Капитан команды Иан Бойер, всё ещё завёрнутый в полотенце, смотрел на меня с сожалением и качал головой. Вратарь Ханс ван Брёкелен, который не играл в том матче, незаметно прислонил указательный палец к губам, чтобы я не вздумал отвечать. Помню, как Гарри Бёртлз уставился на свои голые ноги, а потом тихонько и благоразумно слинял. Он искоса посмотрел на меня с поддержкой, словно пытаясь сказать: «Просто перетерпи. Буря уляжется».

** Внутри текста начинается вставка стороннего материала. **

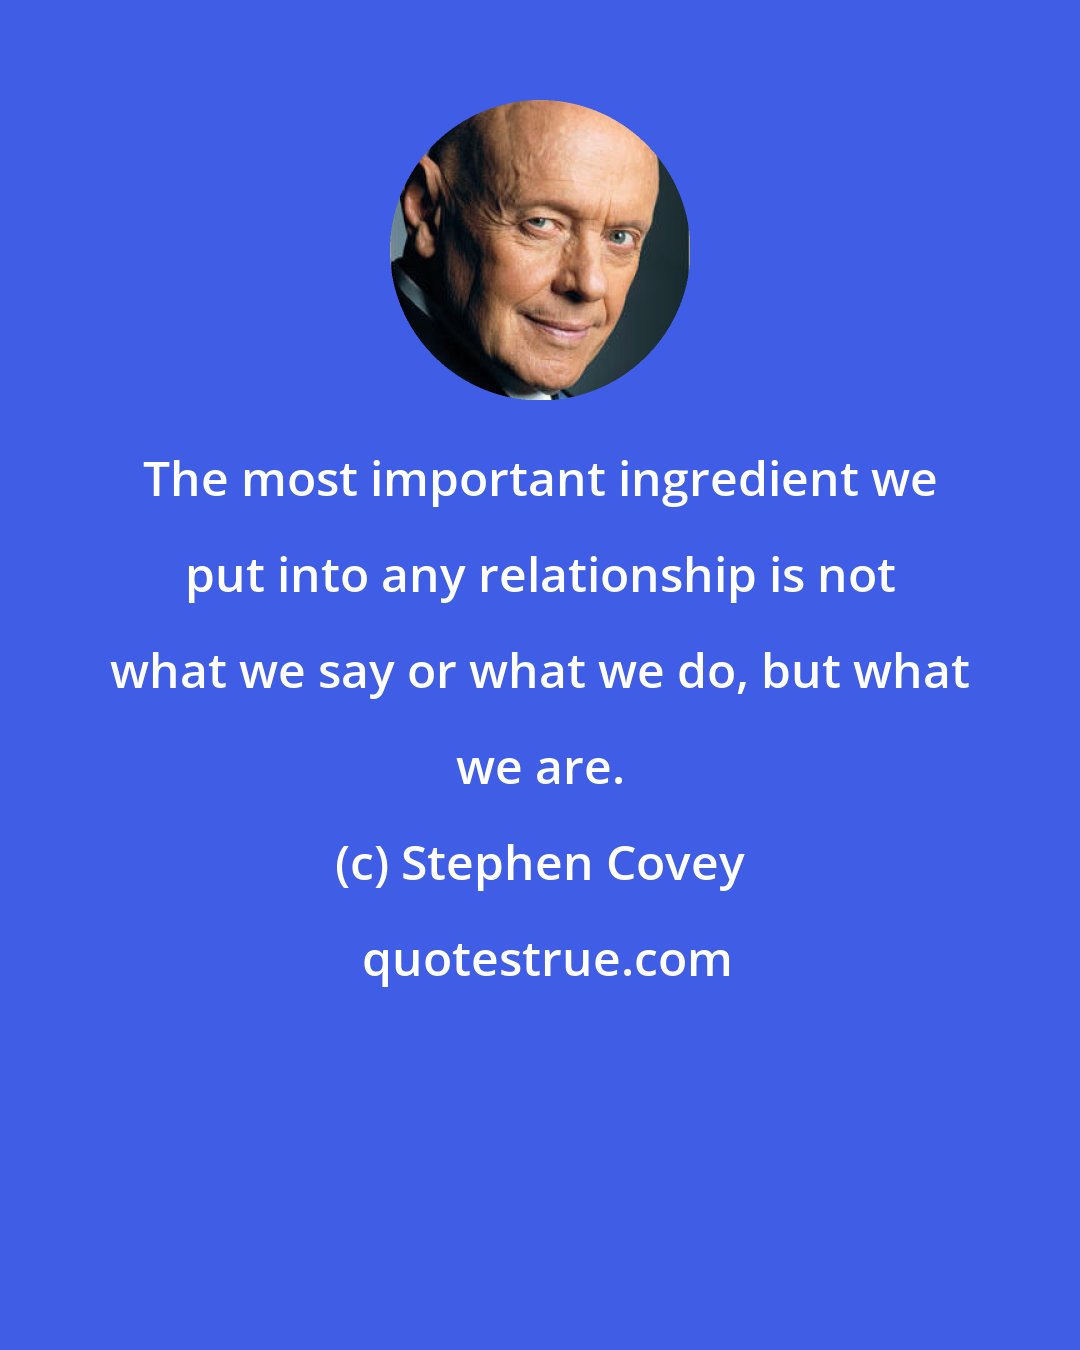 Stephen Covey: The most important ingredient we put into any relationship is not what we say or what we do, but what we are.

Однако буря не стихала ещё с полминуты, которые показались мне часом. Голос Клафа стал громче и мне подумалось, что он вот-вот начнёт изрыгать пламя. Я стоял в центре раздевалки, позорно переминаясь с ноги на ногу и смущённо держа в руке неуместную записную книжку. Мне хотелось, чтобы пар из ванной превратился в туман и поглотил меня с головой. «Ты появился в этом клубе, и мы встретили тебя как друга, – бушевал Клаф. – Но ты, блядь, насрал на нас. Ты, нахуй, всё знаешь об этой игре. Нахуй всё. Не стой здесь, уёбывай отсюда!»

Я вышел – подавленный, злой, молчаливый, с ощущением будто на мне выжгли клеймо. Пока я шёл две с половиной мили до офиса, я думал о том, как он со скоростью пулемёта использовал слова на «ё», «б» и «х». Это ведь тот самый человек, который однажды попытался отговорить собственных болельщиков от использования нецензурной лексики, водрузив на «Сити Граунд» баннер, гласивший «Джентльмены, пожалуйста, не сквернословьте».

Два дня спустя, в обед пятницы, когда нужно было собирать новости о команде, я сидел за своим столом, пытаясь понять, есть ли в моей записной книжке хоть что-то, что можно было бы превратить в читабельный материал для вечернего номера. И тут зазвонил телефон.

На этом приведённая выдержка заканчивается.